Und fast hätte er gewonnen: Die Initiative wurde von 46 Prozent der abstimmenden Schweizer Männer – Frauen hatten damals noch kein Stimmrecht –, bei einer Rekordstimmbeteiligung unterstützt.

Befürworter der Überfremdungsinitiative, über die vor 50 Jahren abgestimmt wurde.
Befürworter der Überfremdungsinitiative, über die vor 50 Jahren abgestimmt wurde.
Bild: Keystone

Der Sohn einer der reichsten Familien der Schweiz gefiel sich in seiner intellektuellen Art als Aristokrat, der für die Interessen des kleinen Mannes kämpfte. Sein Kampf galt den ausländischen und damals vor allem italienischen Arbeitern, die als billige Muskelmasse in grosser Anzahl in die Schweiz geholt wurden, aber als Menschen nie ankamen.

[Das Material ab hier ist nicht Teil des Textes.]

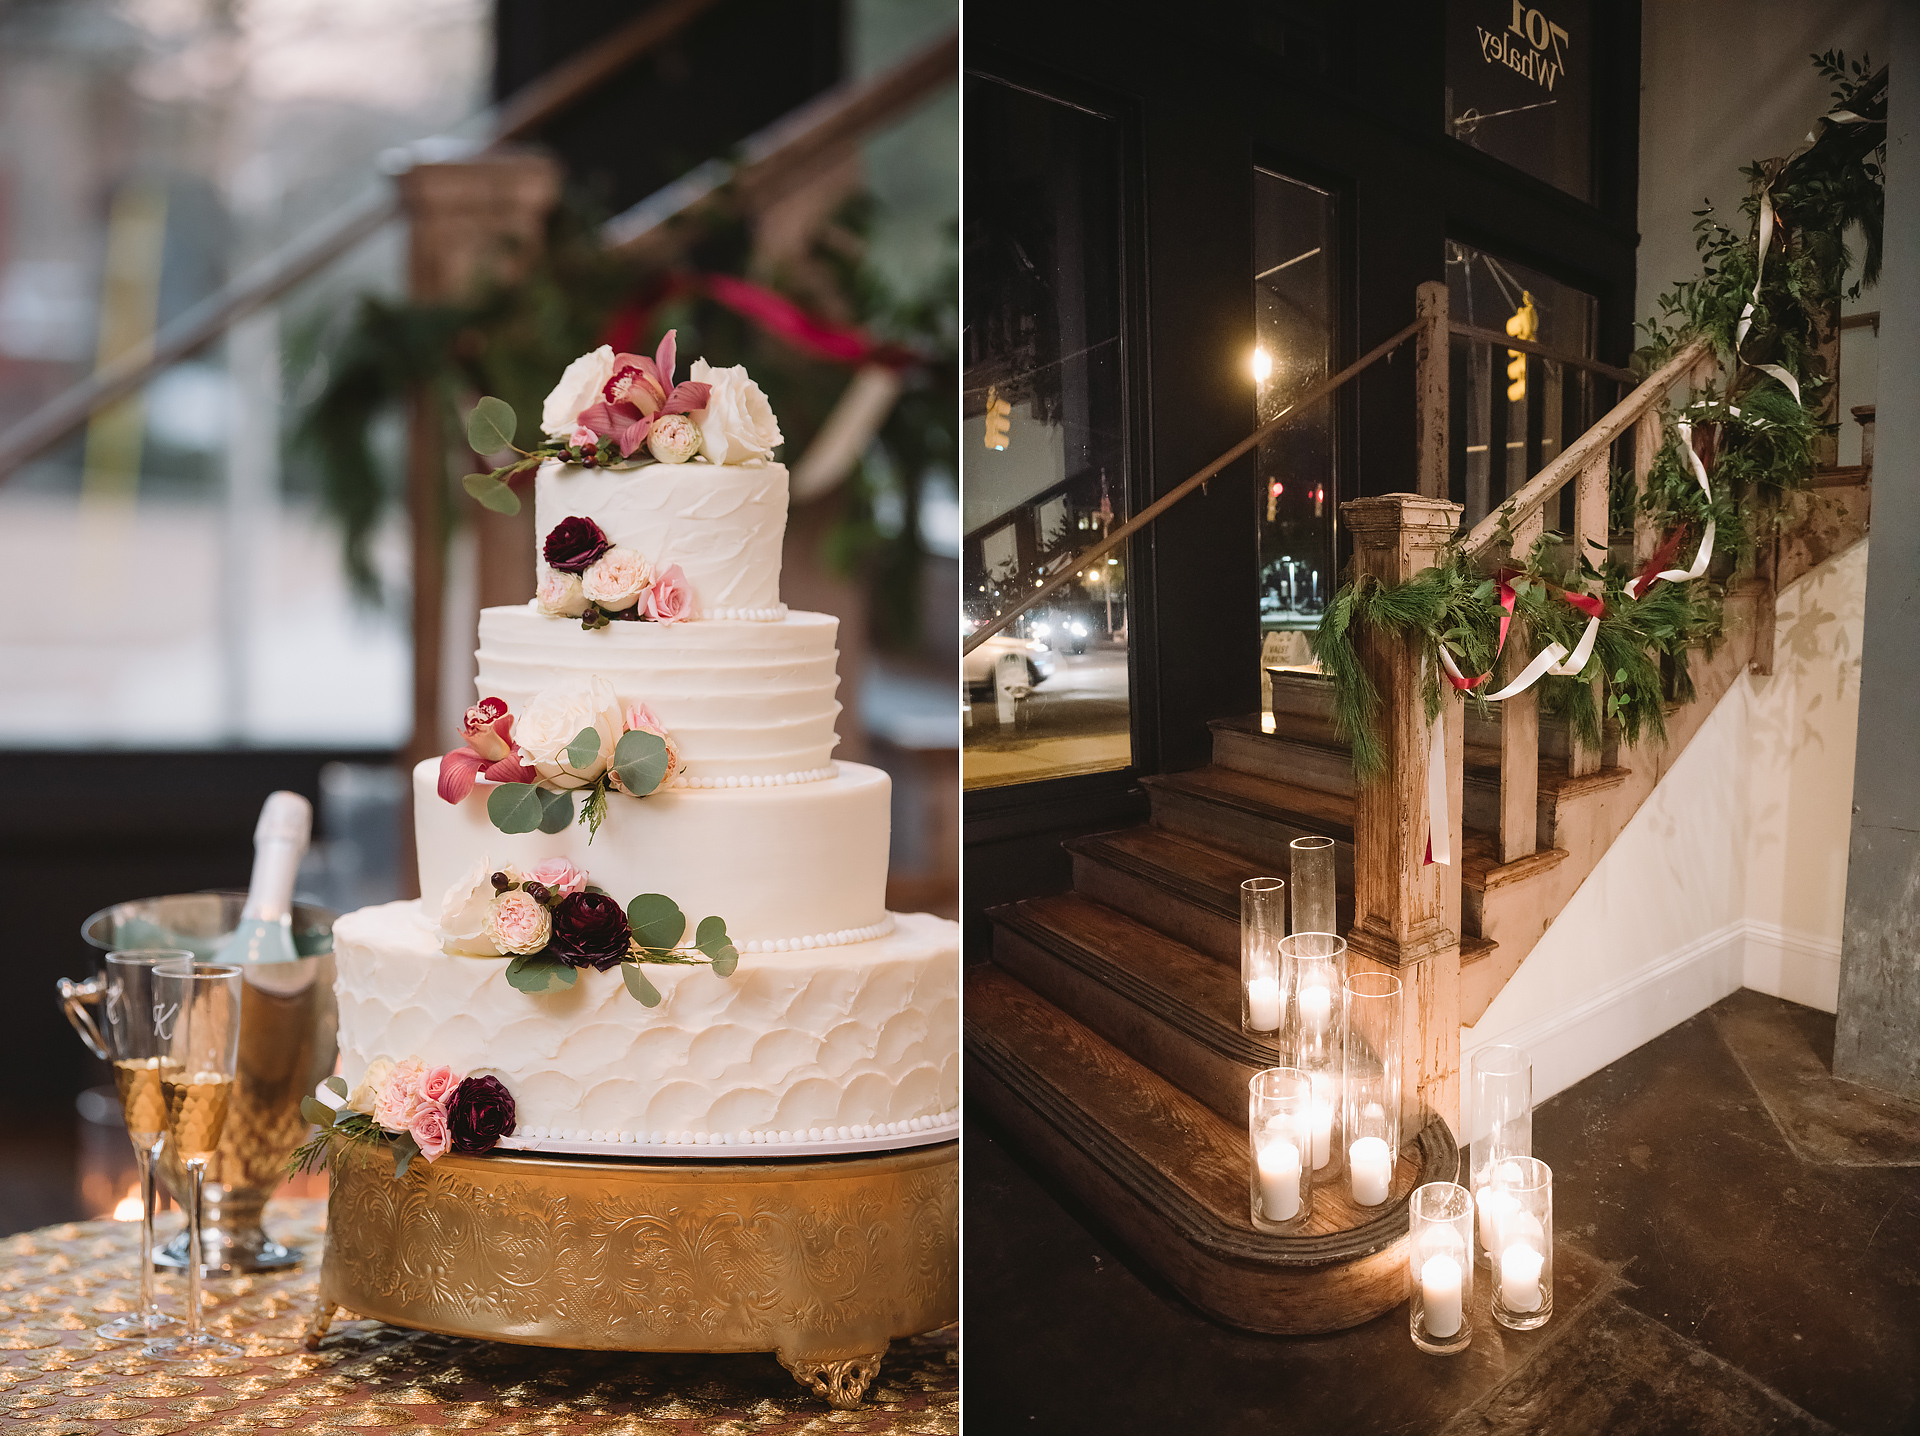  Candle-lit Cake and Stairs / 701 Whaley / Columbia SC

«Tschinggen» werden zu Sündenböcken

In diesen Jahren herrschte in der schweizerischen Öffentlichkeit ein raues Klima, dessen kalter Wind in eine Richtung blies: zu den «Tschinggen». Diese despektierliche Bezeichnung erhielten Italiener und Italienerinnen wegen des Spiels «Morra». Die Logik dieses Spiels will es, dass die Zahl «Fünf» häufig vorkommt. Im Dialekt der vielen jungen Männer aus Süditalien wird die Zahl nicht als «cinque», sondern abgekürzt als «cinq» – «tschingg» – ausgesprochen. Die Schweizer hielten es für ein Fluchwort und stigmatisierten damit eine ganze Minderheit.

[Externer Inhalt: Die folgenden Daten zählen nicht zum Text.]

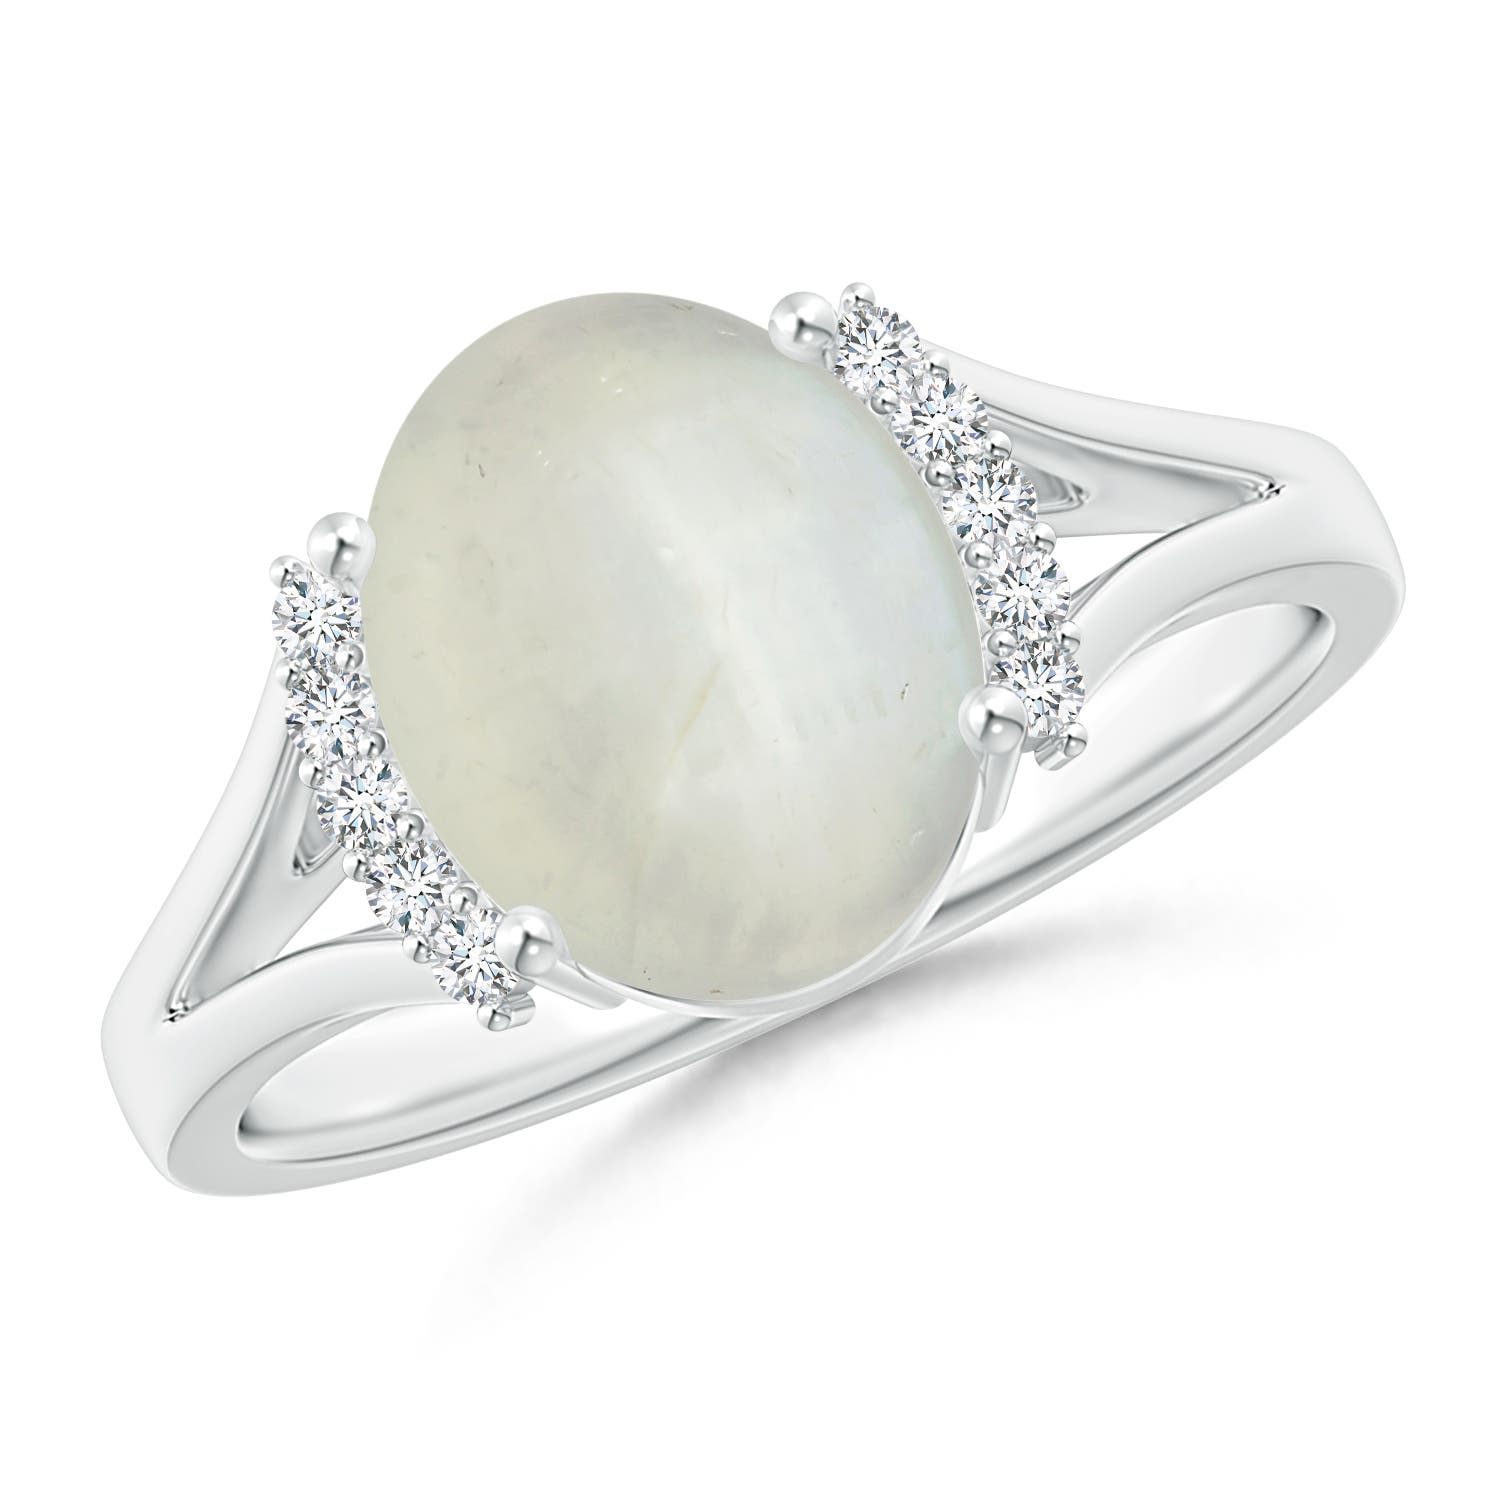 AA - Moonstone / 2.6 CT / 14 KT White Gold

James Schwarzenbach – hier ein Bild aus dem Jahr 1971 – trieb die Überfremdungsinitiative quasi im Alleingang voran.
James Schwarzenbach – hier ein Bild aus dem Jahr 1971 – trieb die Überfremdungsinitiative quasi im Alleingang voran.
Bild: Keystone/Photopress-Archiv

In den Augen von James Schwarzenbach und seiner Anhänger waren die Italiener für sinkende Löhne, Verschmutzung auf der Strasse und Sittenverfall verantwortlich. Mit ihrer Lebensart würden sie zudem die Strassen, Plätze und Bahnhofshallen überfüllen, die Töchter und Frauen der Schweizer Männer bezirzen und den Schweizern den Arbeitsplatz streitig machen. Nicht zuletzt waren sie für Schwarzenbach und Konsorte auch gefährliche Kommunisten.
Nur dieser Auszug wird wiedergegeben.